Customizing the Busybox configuration

Busybox is very configurable, and you may want to customize it. Its configuration is completely integrated into the main menuconfig system. You can find it under "OpenWrt Package Selection" => "Busybox Configuration"

Customizing the uClibc configuration

Just like BusyBox, uClibc offers a lot of configuration options. They allow to select various functionalities, depending on your needs and limitations.

The easiest way to modify the configuration of uClibc is to follow these steps :

  1. Make a first compilation of buildroot without trying to customize uClibc.
  2. Go into the directory toolchain_build_ARCH/uClibc/ and run make menuconfig. The nice configuration assistant, similar to the one used in the Linux Kernel appears. Make your configuration as appropriate.
  3. Copy the .config file to toolchain/uClibc/uClibc.config or toolchain/uClibc/uClibc.config-locale. The former is used if you haven't selected locale support in the Buildroot configuration, and the latter is used if you have selected locale support.
  4. Run the compilation again

Otherwise, you can simply change toolchain/uClibc/uClibc.config or toolchain/uClibc/uClibc.config-locale without running the configuration assistant.

How OpenWrt Buildroot works

As said above, OpenWrt is basically a set of Makefiles that download, configure and compiles software with the correct options. It also includes some patches for various software, mainly the ones involved in the cross-compilation tool chain (gcc, binutils and uClibc).

There is basically one Makefile per software, and they are named Makefile. Makefiles are split into three sections:

Each directory contains at least 2 files :

The main Makefile do the job through the following steps (once the configuration is done):

  1. Create the download directory (dl/ by default). This is where the tarballs will be downloaded. It is interesting to know that the tarballs are in this directory because it may be useful to save them somewhere to avoid further downloads.
  2. Create the build directory (build_ARCH/ by default, where ARCH is your architecture). This is where all user-space tools while be compiled.
  3. Create the toolchain build directory (toolchain_build_ARCH/ by default, where ARCH is your architecture). This is where the cross compilation toolchain will be compiled.
  4. Setup the staging directory (build_ARCH/staging_dir/ by default). This is where the cross-compilation toolchain will be installed. If you want to use the same cross-compilation toolchain for other purposes, such as compiling third-party applications, you can add build_ARCH/staging_dir/bin to your PATH, and then use arch-linux-gcc to compile your application. In order to setup this staging directory, it first removes it, and then it creates various subdirectories and symlinks inside it.
  5. Create the target directory (build_ARCH/root/ by default) and the target filesystem skeleton. This directory will contain the final root filesystem. To setup it up, it first deletes it, then it copies the skeleton available in target/default/target_skeleton and then removes useless CVS/ directories.
  6. Call the prepare, compile and install targets for the subdirectories toolchain, package and target

Using the uClibc toolchain

You may want to compile your own programs or other software that are not packaged in OpenWrt. In order to do this, you can use the toolchain that was generated by the Buildroot.
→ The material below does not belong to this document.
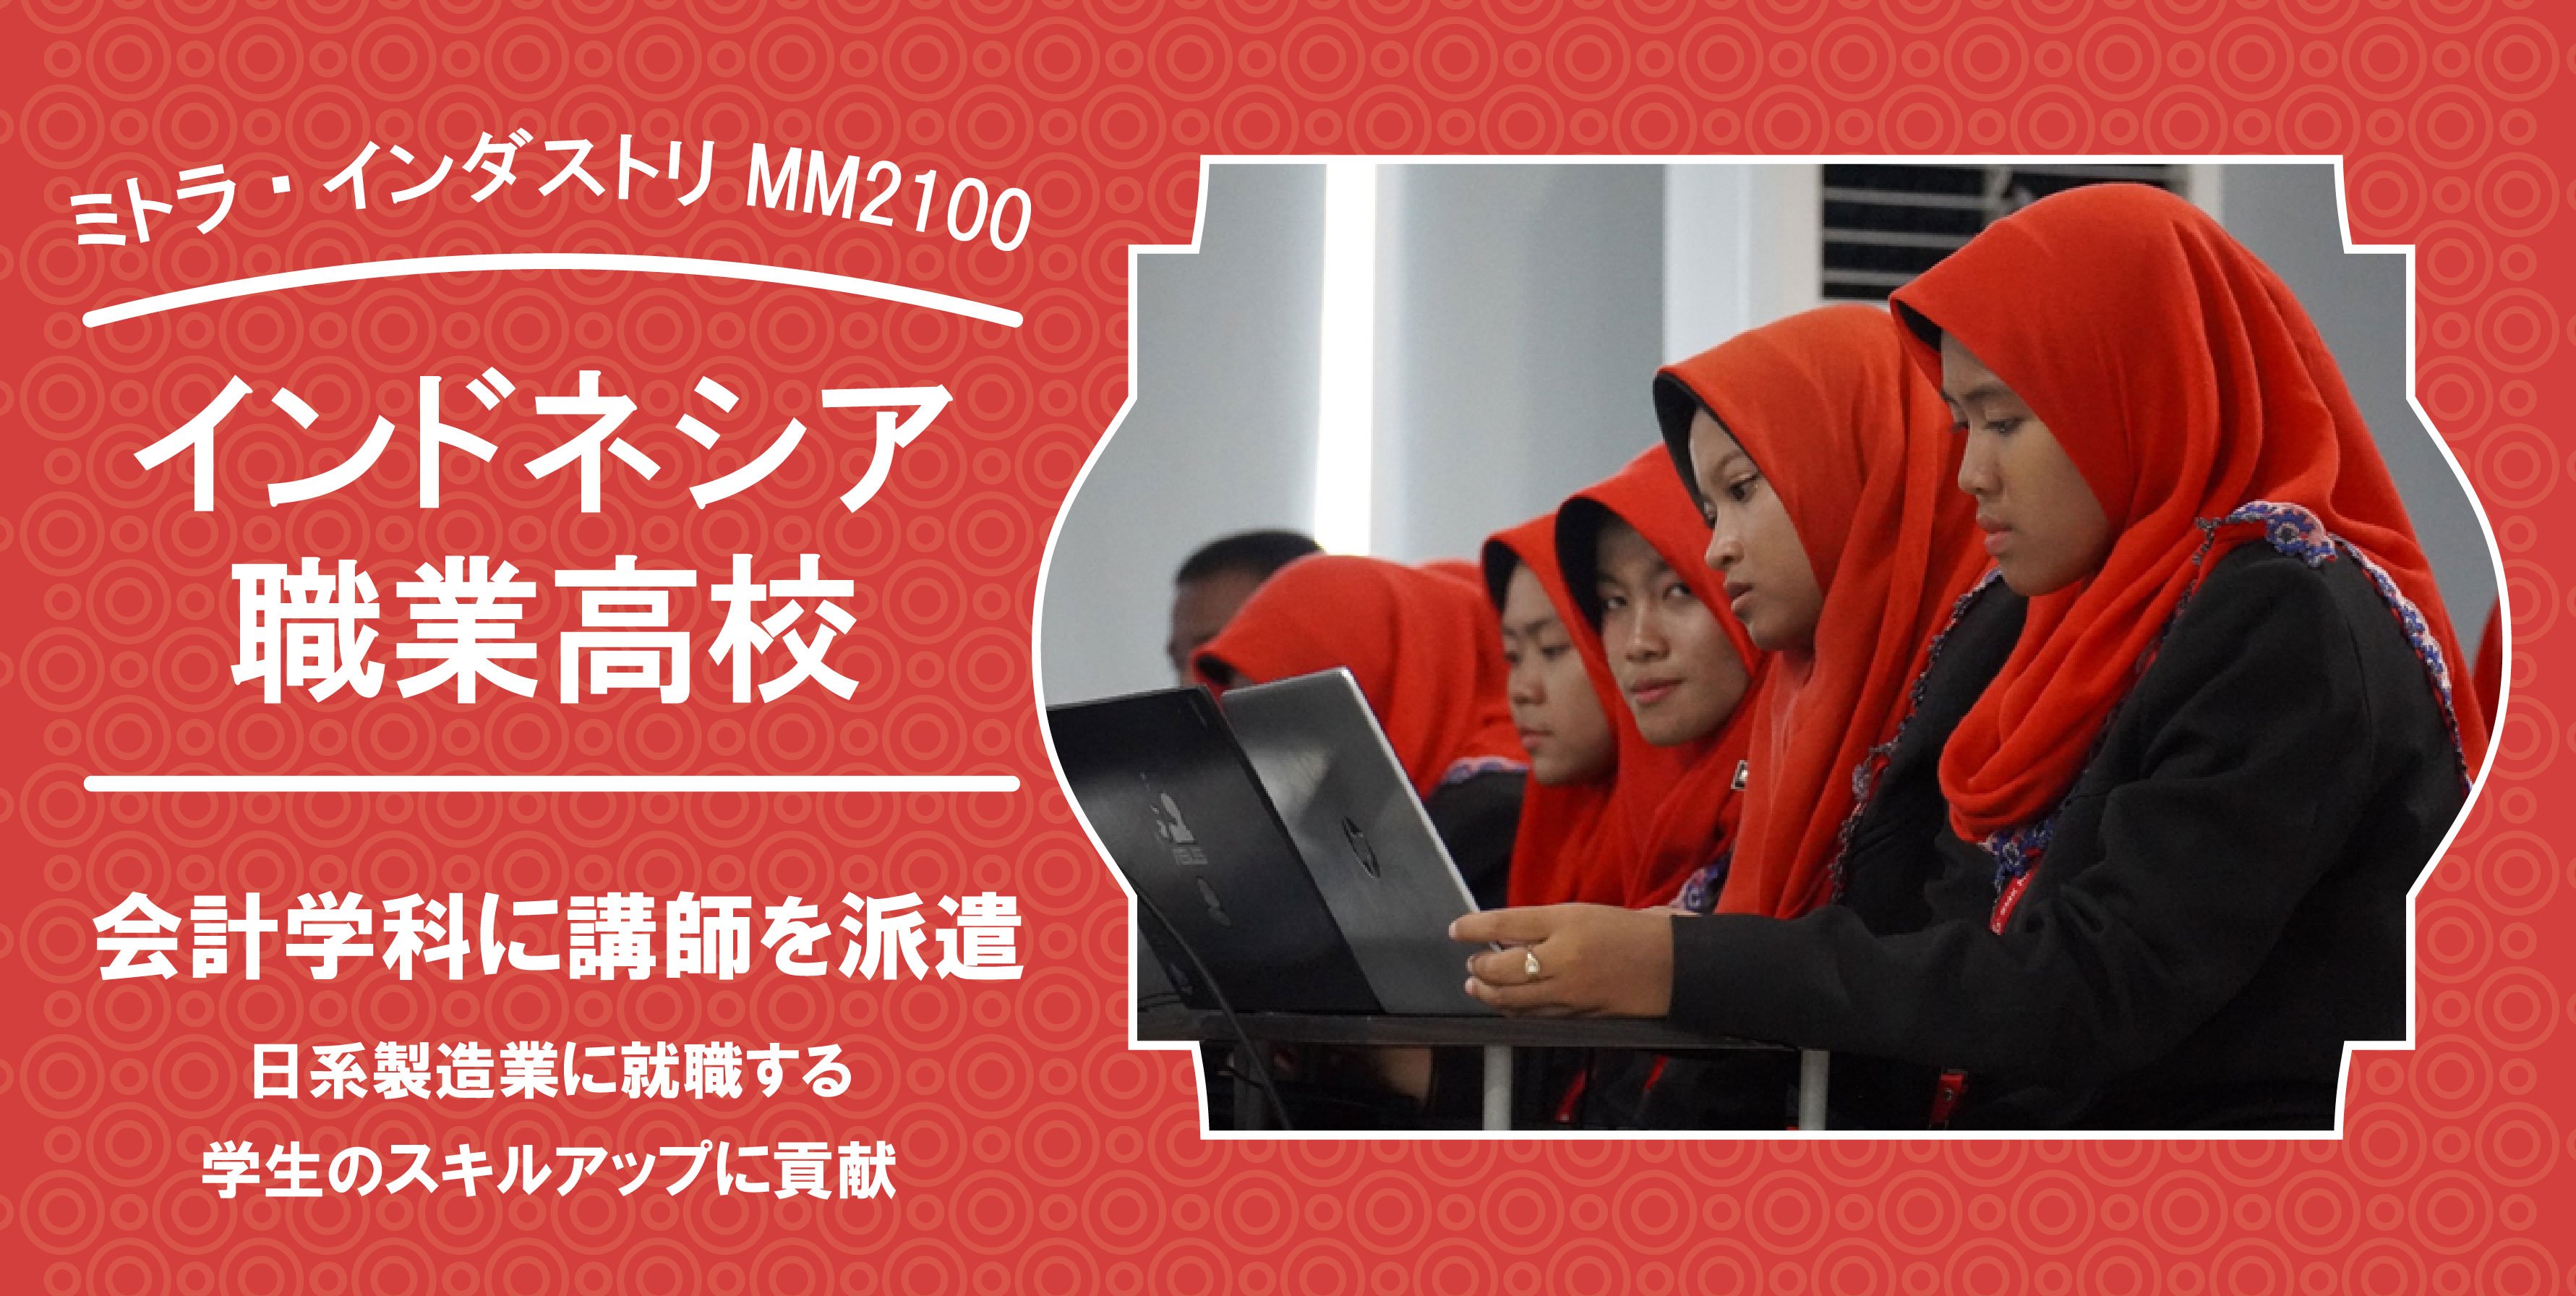 B-EN-Gが、インドネシア職業高校「ミトラ・インダストリMM2100」の会計学科に講師を派遣 日系製造業に就職する生徒のスキルアップに貢献

The toolchain generated by the Buildroot by default is located in build_ARCH/staging_dir/. The simplest way to use it is to add build_ARCH/staging_dir/bin/ to your PATH environment variable, and then to use arch-linux-gcc, arch-linux-objdump, arch-linux-ld, etc.

For example, you may add the following to your .bashrc (considering you're building for the MIPS architecture and that Buildroot is located in ~/buildroot/) :

export PATH=$PATH:~/buildroot/build_mipsel/staging_dir/bin/

Then you can simply do :

mipsel-linux-uclibc-gcc -o foo foo.c

Important : do not try to move the toolchain to an other directory, it won't work. There are some hard-coded paths in the gcc configuration. If the default toolchain directory doesn't suit your needs, please refer to the Using the uClibc toolchain outside of buildroot section.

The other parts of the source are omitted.